Friday, December 21, 2012

Why, Yes, General Petraeus Does Look Natty in this Photo (Which Must Be Why the Washington Post Buried this Significant News Story in the Style Section)

On December 3 legendary reporter Bob Woodward disclosed that Rupert Murdoch (who, of course, owns a huge media empire and has come under suspicion for his organizations' illegal use of wiretaps, among other things) and Roger Ailes (president of Fox News and chair of Fox Television Stations), via their subordinate K.T. McFarland, asked David Petraeus (former US 4 star general and then head of operations in Afghanistan) to run for US President. Murdoch would finance the campaign, and Ailes would serve as the media adviser or chief of staff of the campaign. Petraeus refused. (N.B. I'd like to say "to his credit Petraeus refused," but he didn't refuse due to Murdoch's and Ailes's obvious conflicts of interest -- instead he said were he to ever run he'd take them up on their offers.)

A tape of the full recording is here; a transcript of the tape is here.
Although Woodward is a legendary Washington Post reporter and broke the Watergate scandal, among other things, the Post only published the article inside of its Style section.

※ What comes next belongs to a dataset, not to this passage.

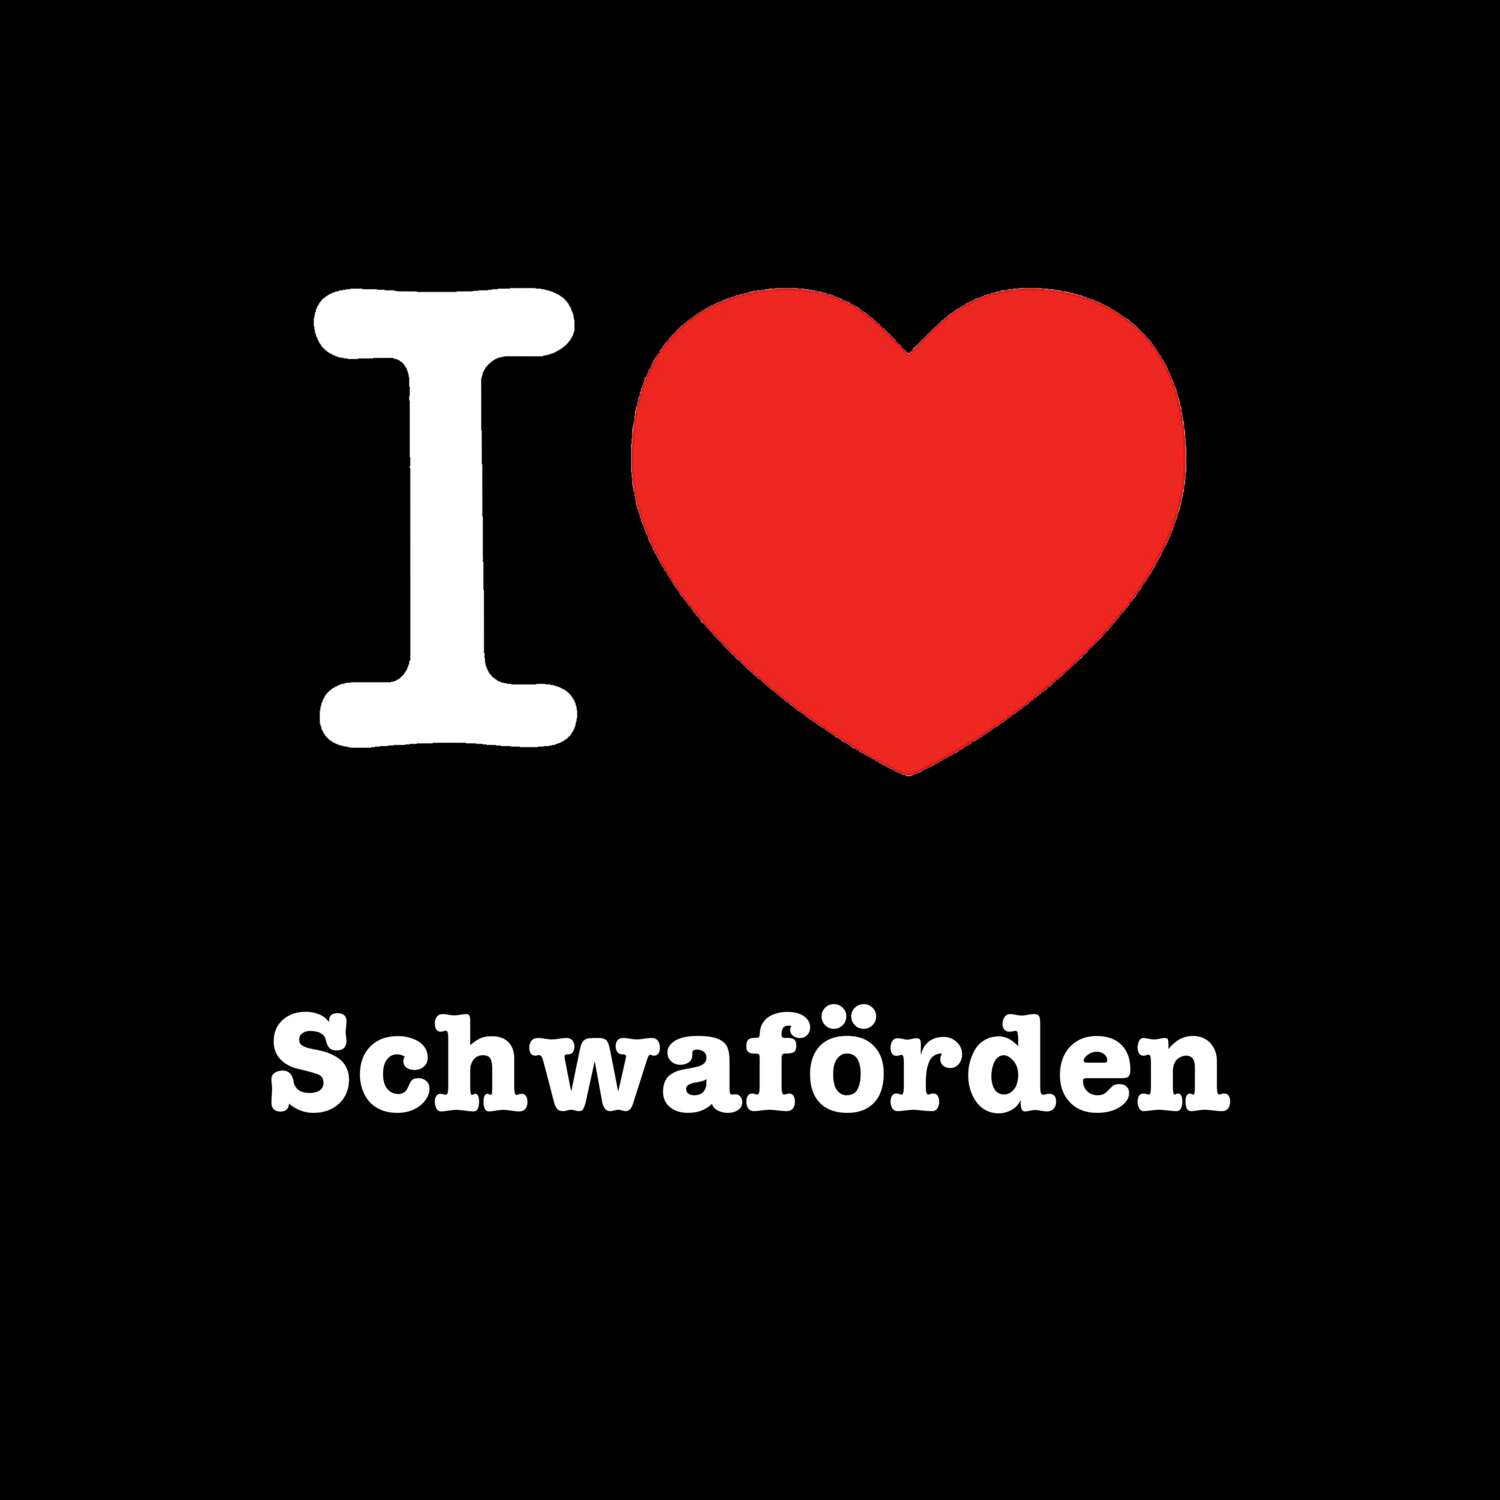 Schwaförden T-Shirt »I love«

Let me repeat that: it published it inside its Style section. In its internet presence, the Style section is a subdivision of the Post' s Lifestyle section, and the article did not even get top billing in Style.  This has only come to light (at least enough light so someone with dim vision such as me) due to an editorial written in The Guardian by Carl Bernstein, another legendary Post reporter who broke the Watergate scandal with Woodward (a link I only saw due to Fark). It is offensive and incredible that the Post would bury this; Bernstein rails about that, and rightly so.

Putting the Post's irrepsonsible editorial policy to the side, though, the whole recording is worth listing to. In it the tightness of General Petraeus's relationship with Fox News is clear, and he repeatedly praises Ailes, who he calls a genius. K.T. McFarland also makes plain that Fox is biased in its reporting and deliberately sways its reporting to support Republican candidates. she offers, in fact, to have the headlines fixed to suit General Petraeus.

Since McFarland worked for Ronald Reagan and since Ailes worked for Republicans Nixon, Reagan, and G.H.W. Bush, Fox's bias -- which has long been evident -- should come as no surprise. Murdoch deliberately hired Republican party mouthpieces to present the news. What is new here is that McFarland comes out and admits it in black and white. And Petraeus seems fine with that.

Petraeus also complains about the liberalness of The New York Times -- specifically about a misleading headline and info that was wrongly put into a story by an editor. If an editor at the New York Times did deliberately put misinformation into a headline or story that editor should be fired. (Since bias seems to be a job prerequisite at Fox, however, maybe the editor could get a job there.) Petraeus offers no specifics, so I do not know about that story.